[Python-Dev] Write All New Import Hooks (PEP 302) in Python, Not C

Guido van Rossum guido@python.org
Fri, 27 Dec 2002 17:15:23 -0500


> Let's focus on PEP 302 as a new import hook mechanism, not
> as a way to implement zip imports.  Just's PEP 302 code can
> be used to implement zip imports without making his import
> hooks part of the sys module and thus making them a public
> feature of Python forever.  THIS IS NOT ABOUT ZIP IMPORTS!

Agreed.  It's about making it easier to do things *like* zip import.

> Python already has an import hook, namely __import__.  PEP
> 302 adds three more hooks: sys.path_hooks, sys.meta_path and
> sys.path_importer_hooks.  The idea of four import hooks is
> already fishy.

There's no path_importer_hooks; there's path_importer_cache, but
that's not a new hook, it's a cache for the path_hooks hook.  So I
think the PEP proposes only two new hooks.

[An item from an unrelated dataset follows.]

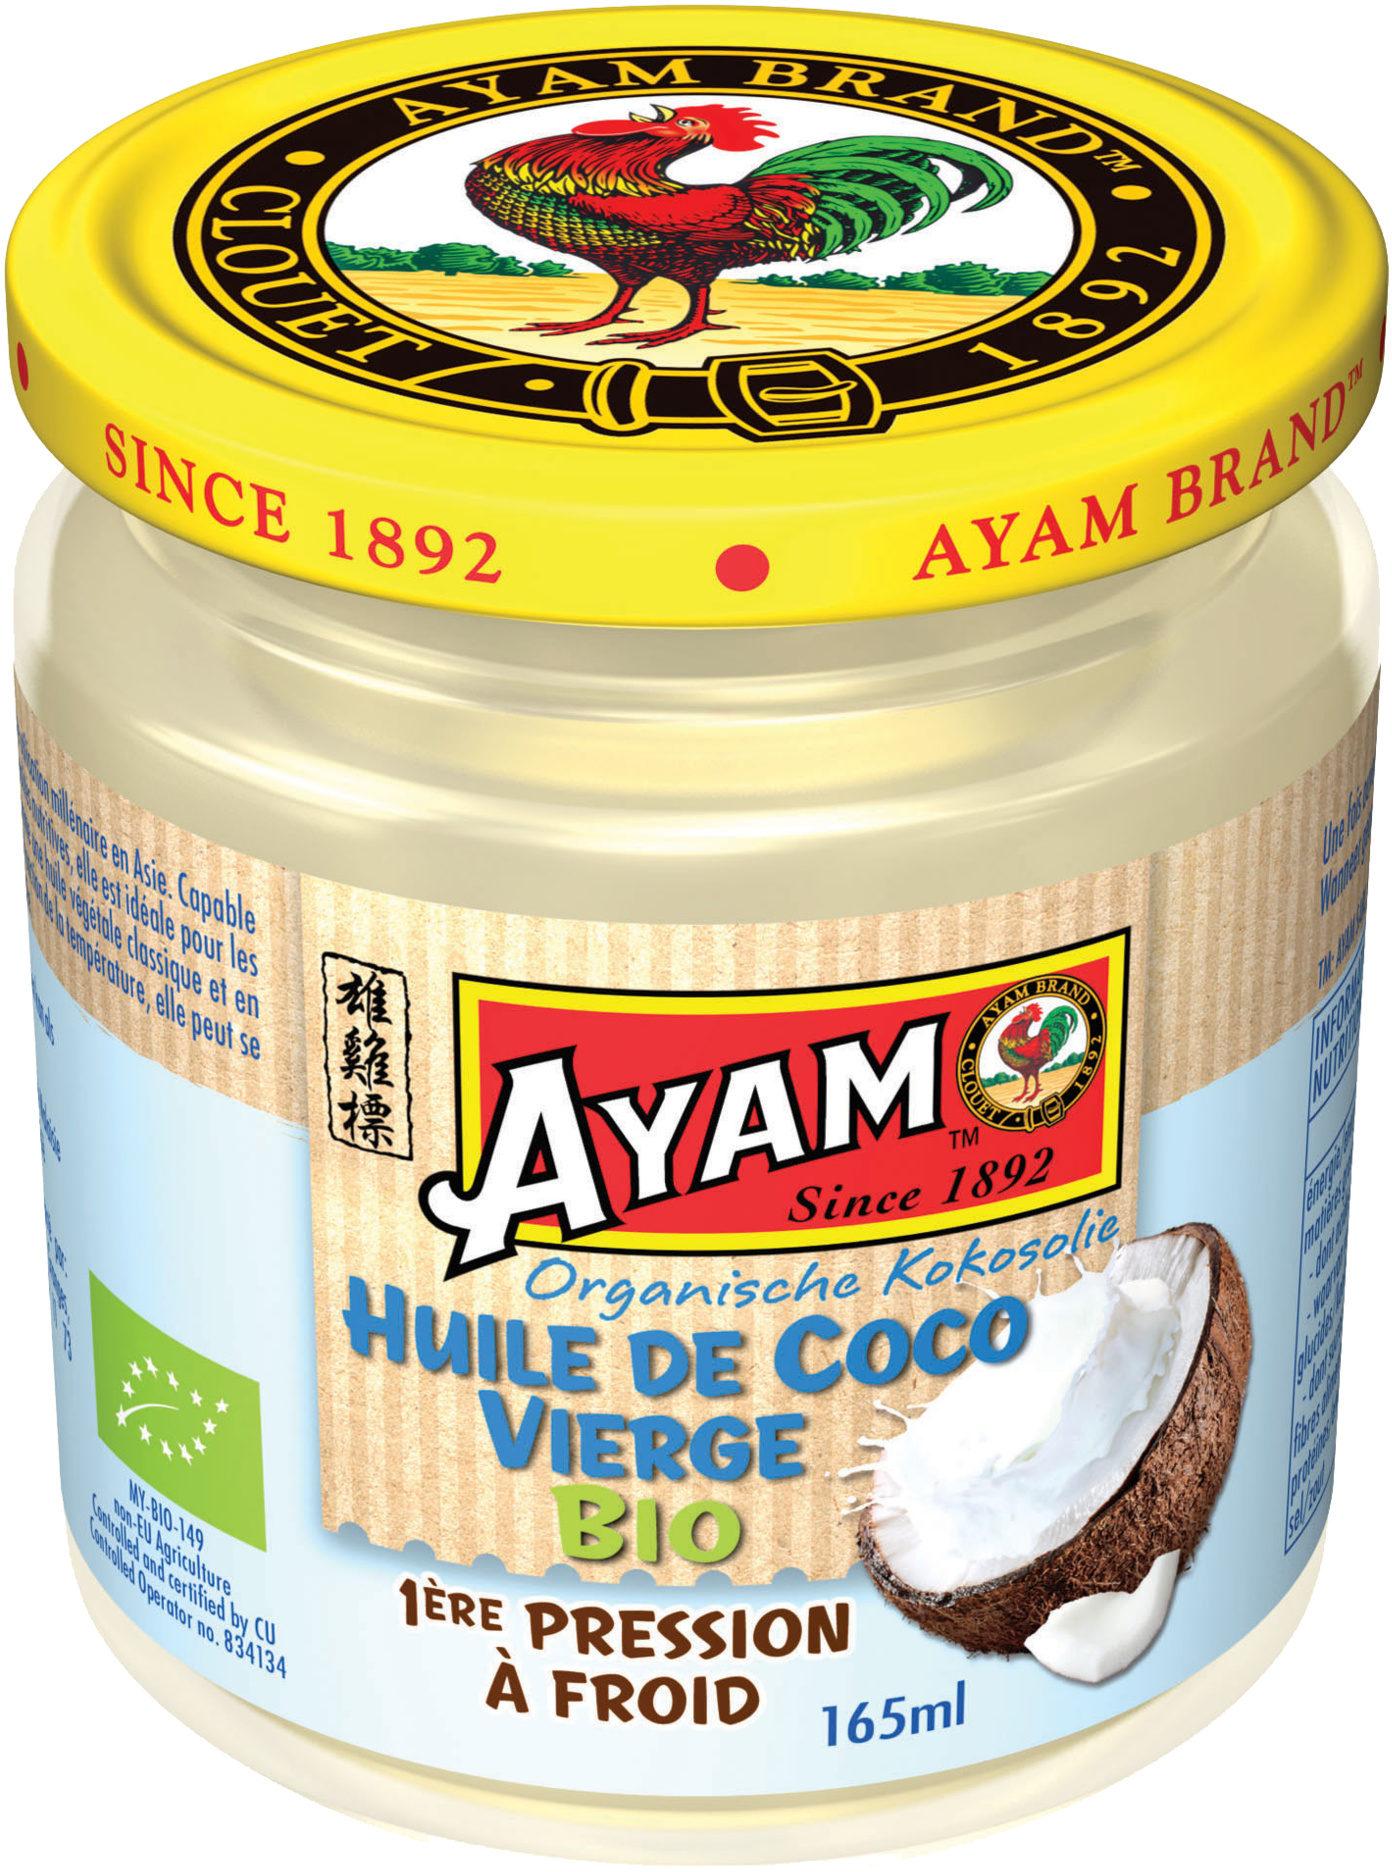 Huile de coco vierge bio Ayam™ - Product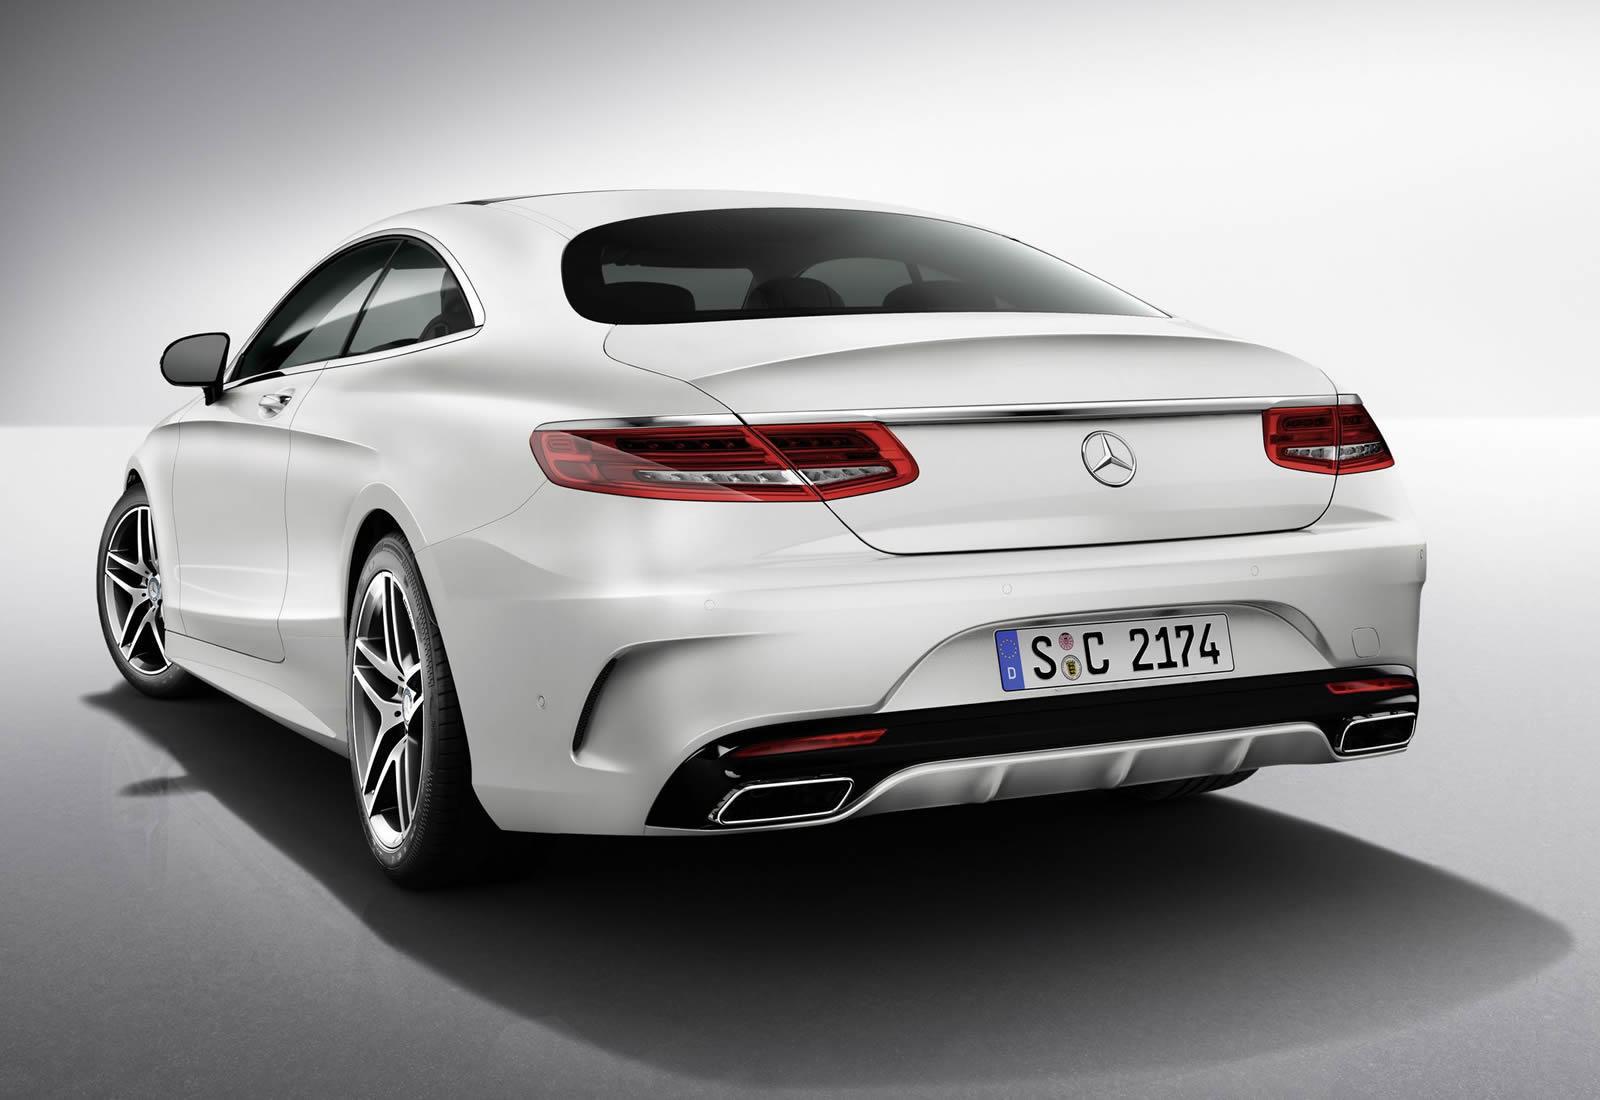 Mercedes Amg C S Coupe Price

Two new hooks is arguably still too much, but the existing __import__
hook is inadequate because it requires you to reimplement too much
functionality (the PEP argues this point convincingly IMO).  So we
need at least one new hook.  Personally, I think sys.meta_path is the
lesser important of the two hooks proposed by the PEP.  It would be
needed if you have to override the standard builtin or frozen import
behavior, but you can already do that with the heavier gun of
overriding __import__.

Other than that, you can hook up arbitrary weird importers by placing
magic-cookie strings in sys.path (e.g. of the form "<blah>") and
registering a path hook that looks for the magic cookie.  (Long ago I
had an idea to do this for builtin and frozen imports too, so you
could control the relative priority of builtin/frozen modules relative
to some directories.  But I never found a use case.  If someone wants
this, though, it's easily added to the path_hooks feature.)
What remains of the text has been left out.